Problem: Every line from the one containing "The Vivo a beira" through the end of the listing below must be given again exactly, and nothing else; exclude pictures.

[Data provided Boundary: Start]

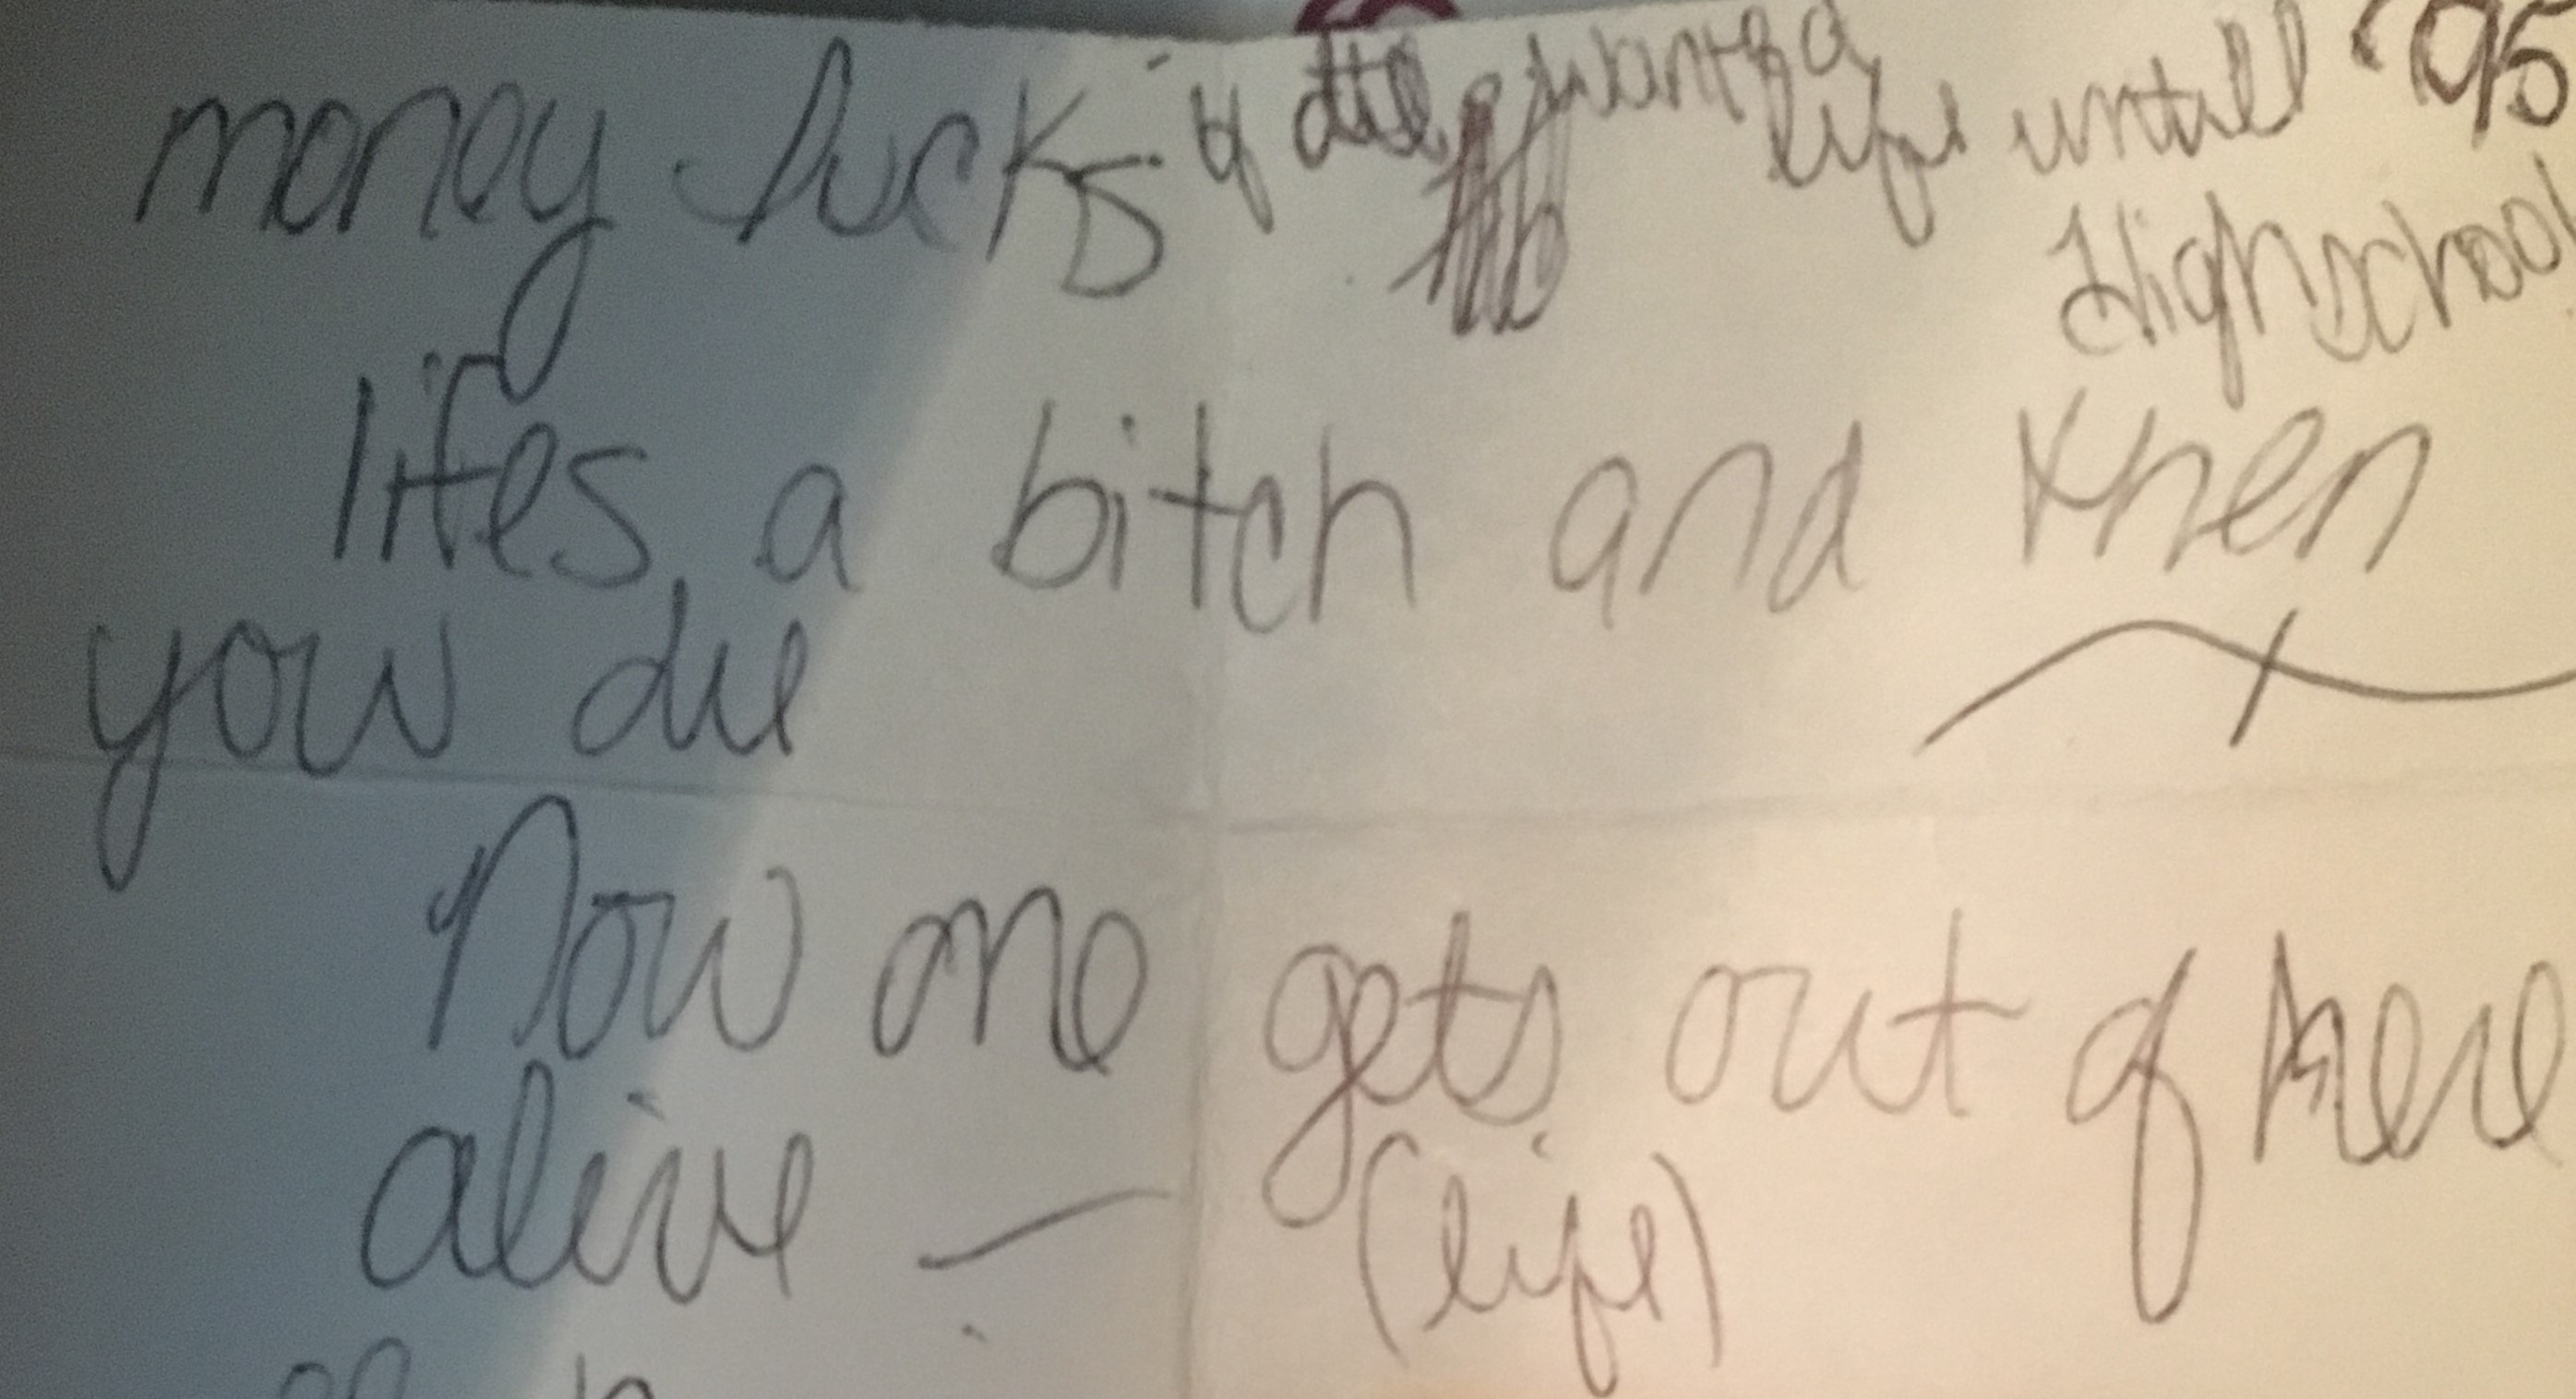 Notecard written by Houston writer Isobella Jade when she was a child
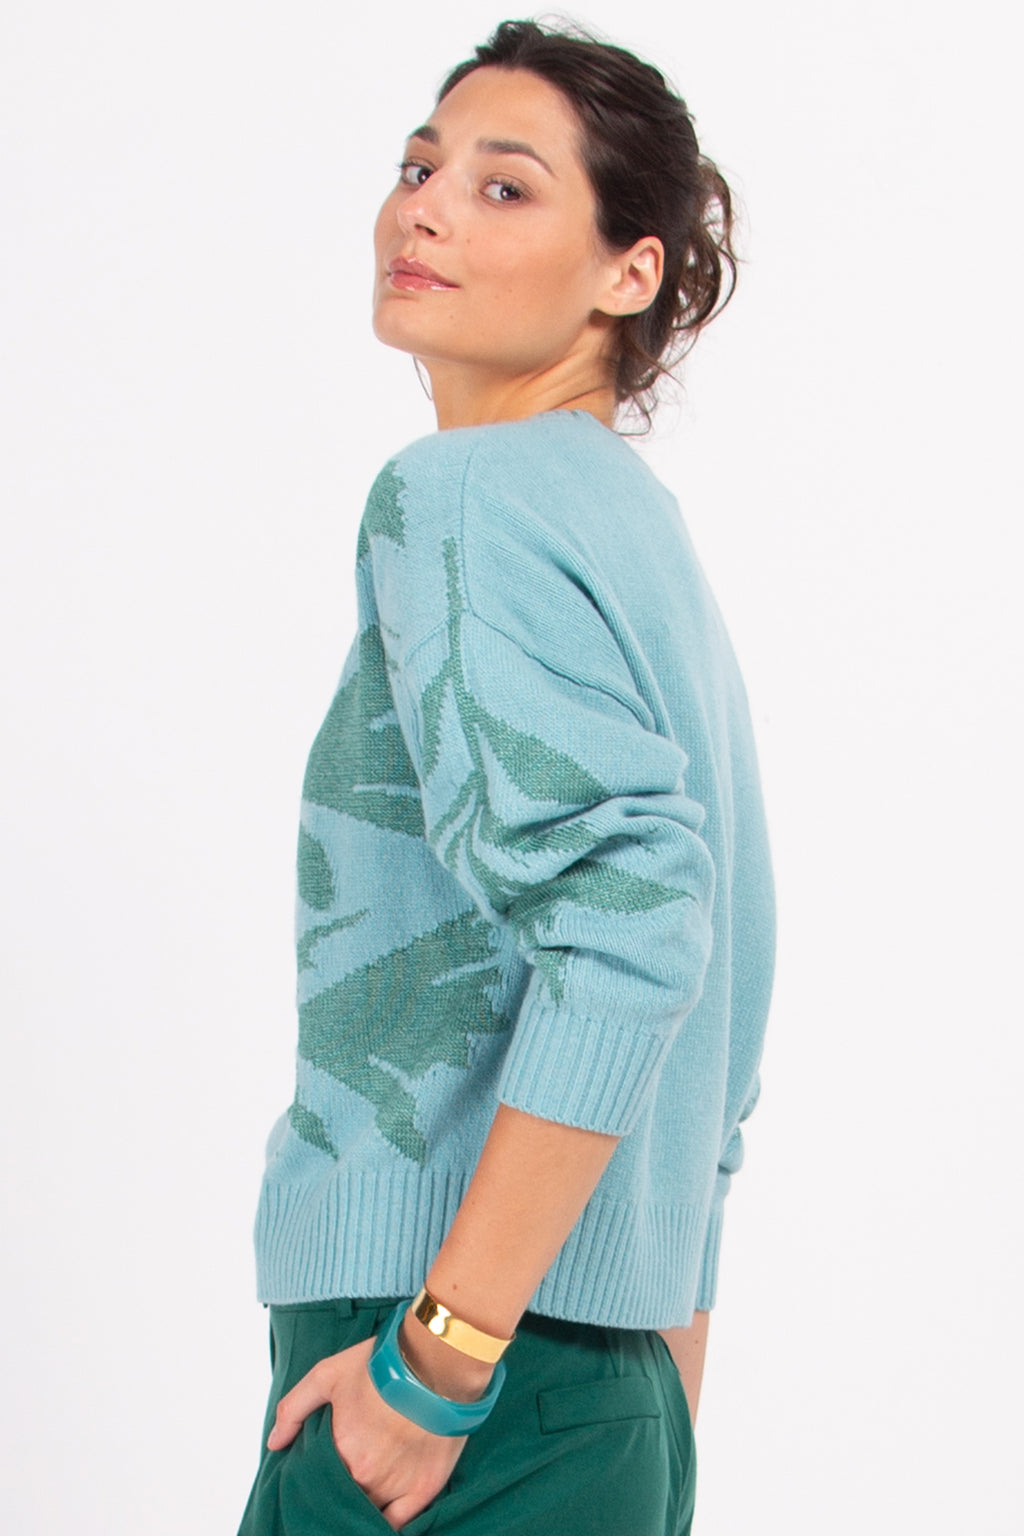 Mata knitted sweater with teal leaf
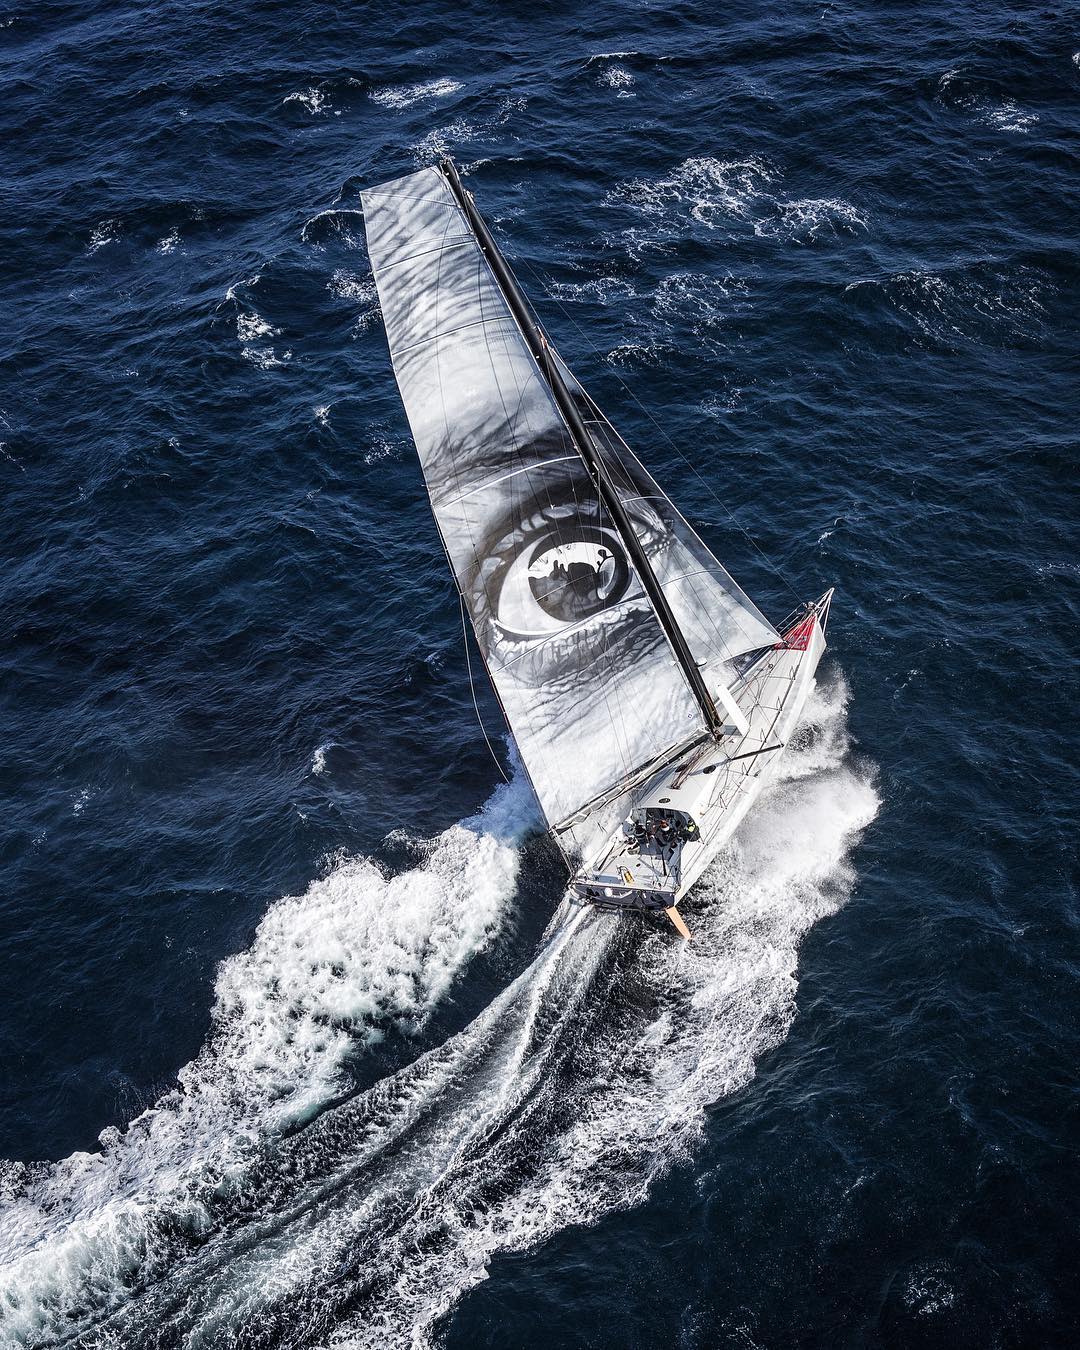 The Vivo a beira yacht with JR's image on its sails. Photograph by Benoit Stichelbaut
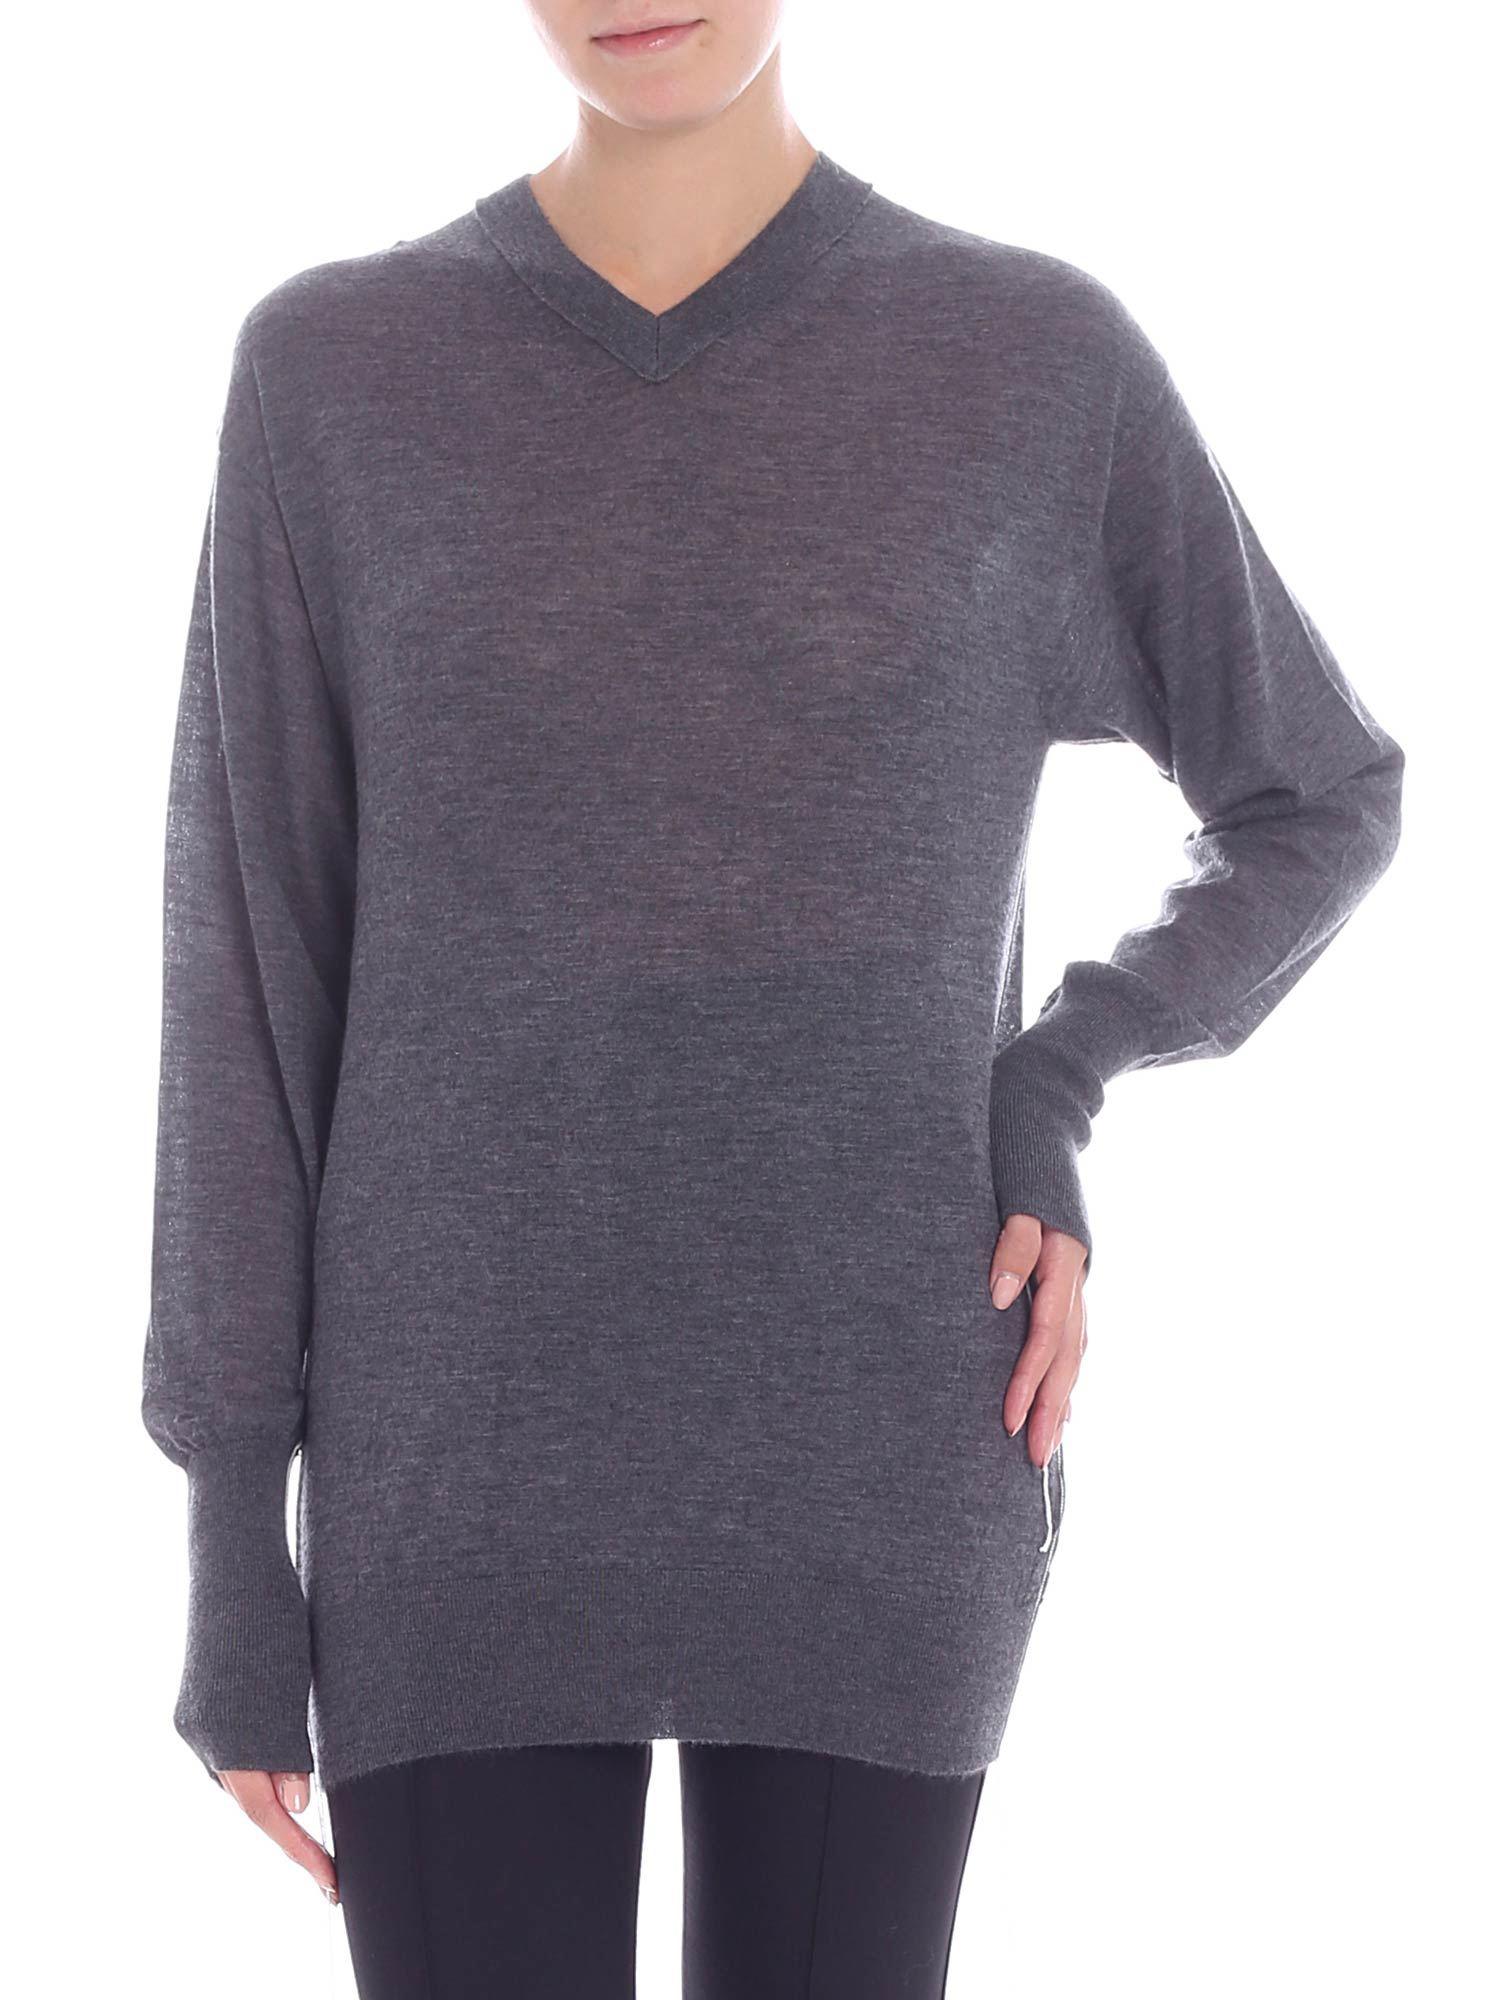 Helmut Lang Grey Cashmere Sweater in Gray - Lyst

[Data provided Boundary: End]

Result of this task:
 The Vivo a beira yacht with JR's image on its sails. Photograph by Benoit Stichelbaut
 Helmut Lang Grey Cashmere Sweater in Gray - Lyst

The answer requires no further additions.